The outcome had thrown another curveball to Balkenende who after exploratory talks was tasked with forming his fourth coalition, but his first to be built with support from the left. And a bizarre mixture from the left at that. After Marijnissen's Socialists walked away from the table and the Green Left decided to sit it out in opposition, a defeated Labour and the small and socially conservative but fiscally more centrist and compassionate Christian Party will now line up behind 'Balkenende IV'.
Dutch Confusion
The Dutch did not move to the right, nor did they re-embrace the good old grand schemes of the pioneers of the liberal welfare state. Fortuyn sensed the discontent and the need for change but none of the larger parties was intellectually equipped to grasp his inheritance and convert the feelings of fear and change into a cohesive and electorally compelling set of ideas. More than that, the Dutch crisis situation produced a mixture of political expediency and inexperience leading to a fractured parliament without any party having a sufficiently large mandate to govern or dominate a coalition arrangement.

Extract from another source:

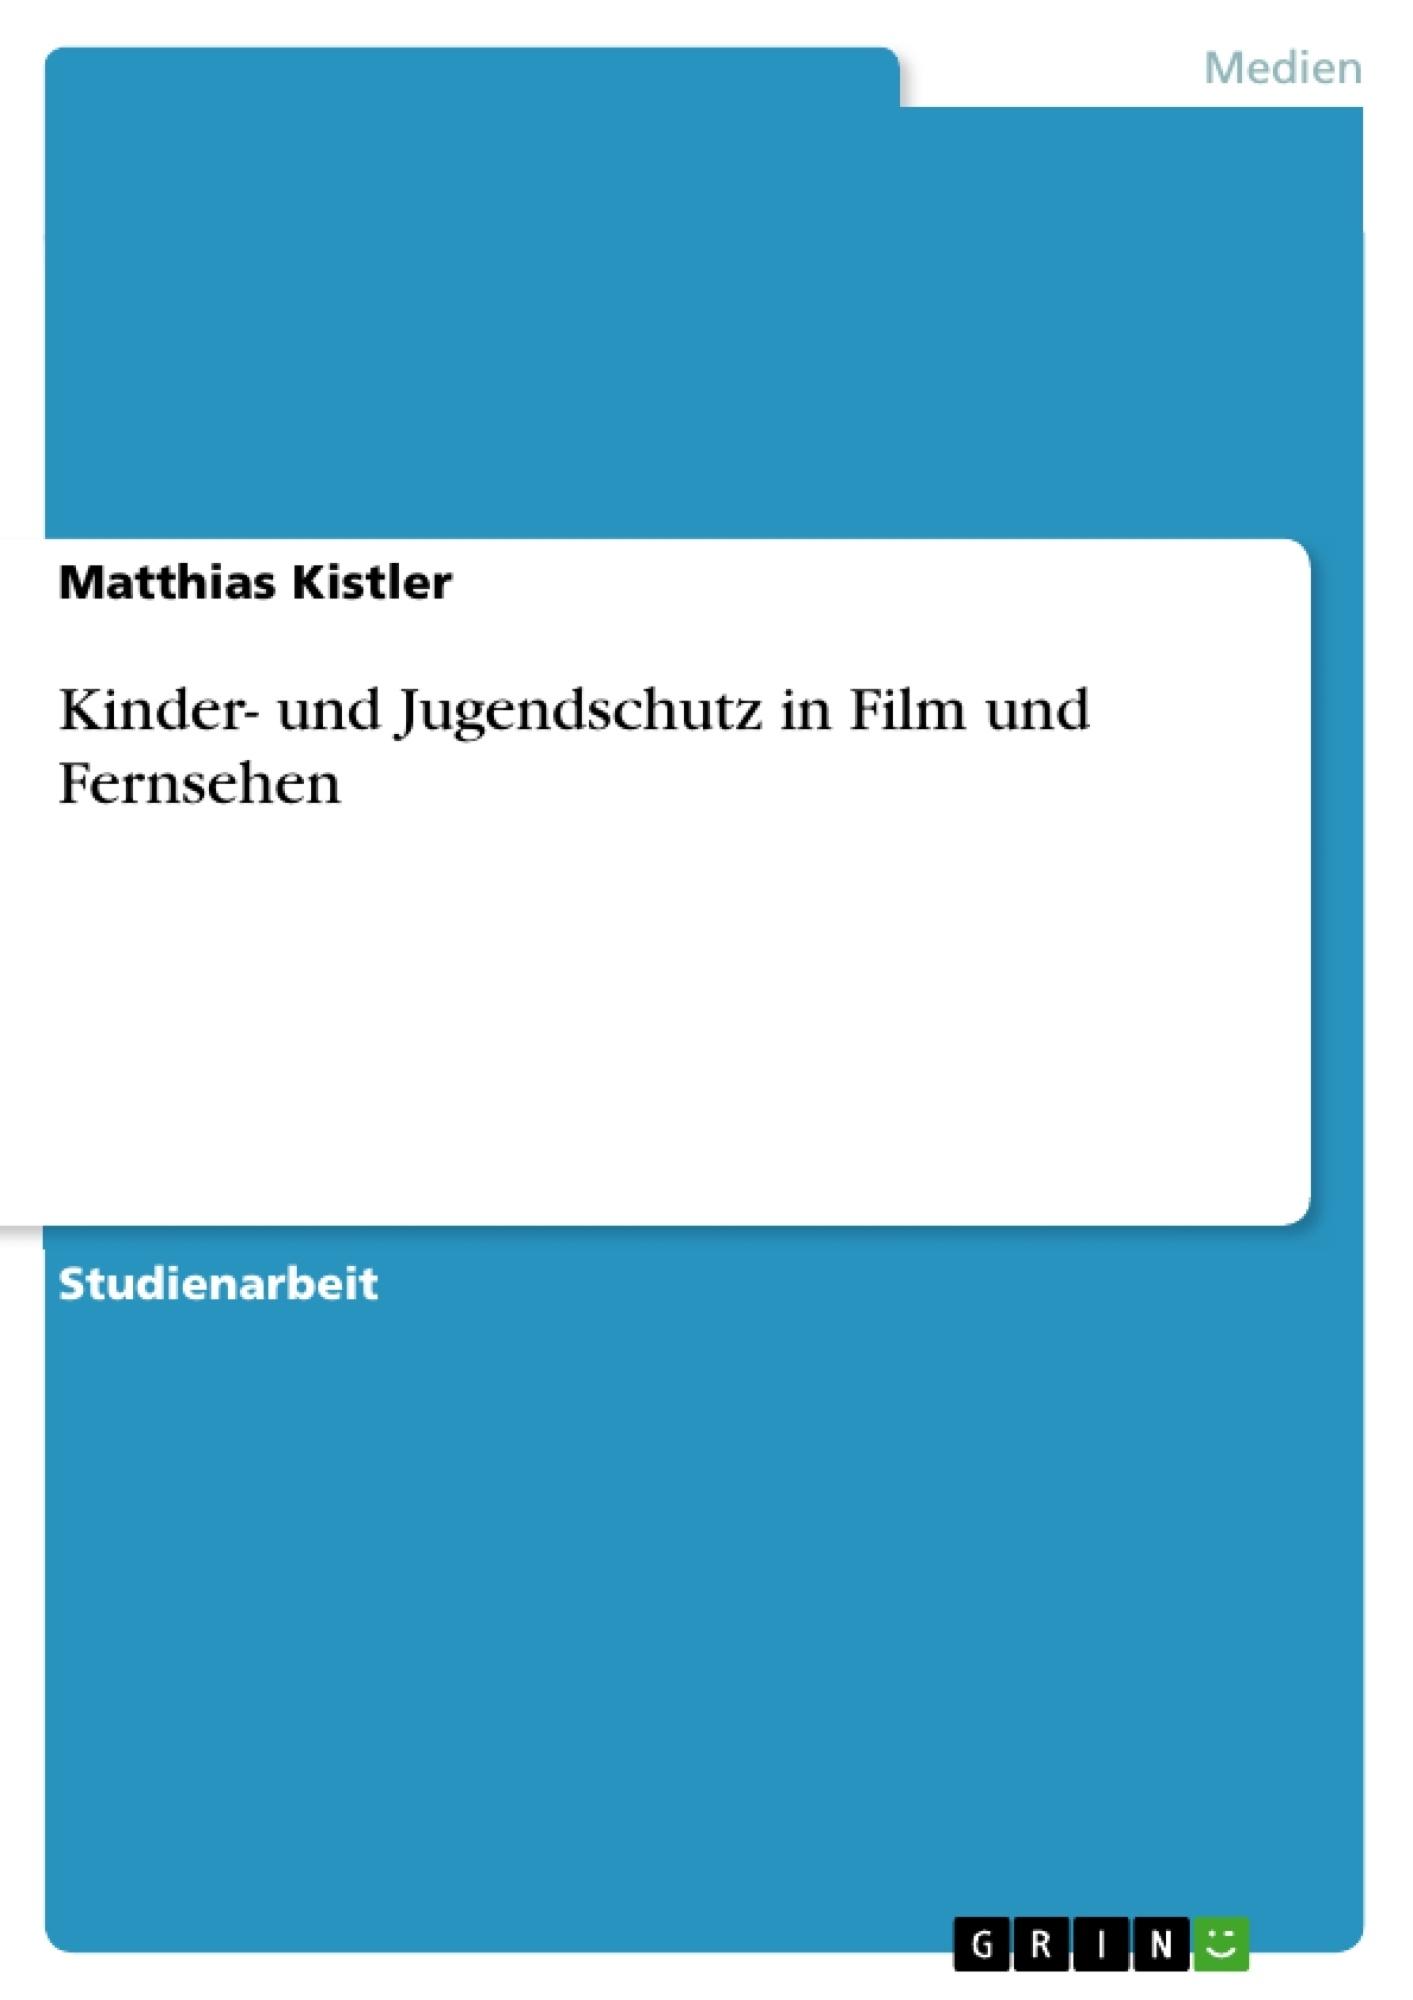 Titel: Kinder- und Jugendschutz in Film und Fernsehen

Instead, some splinter groups of the right and left have done some good business, but it would be inaccurate to grant either stream the benefit of success or more importantly, characterizing either as symbolic of a new Dutch direction. The only thing that has happened to the Dutch over the past five years is a rude awakening to deep social and economic changes. The political mileage out of that is neither right, nor left; it has heralded an era of deep confusion and with it, political uncertainty for quite some time to come.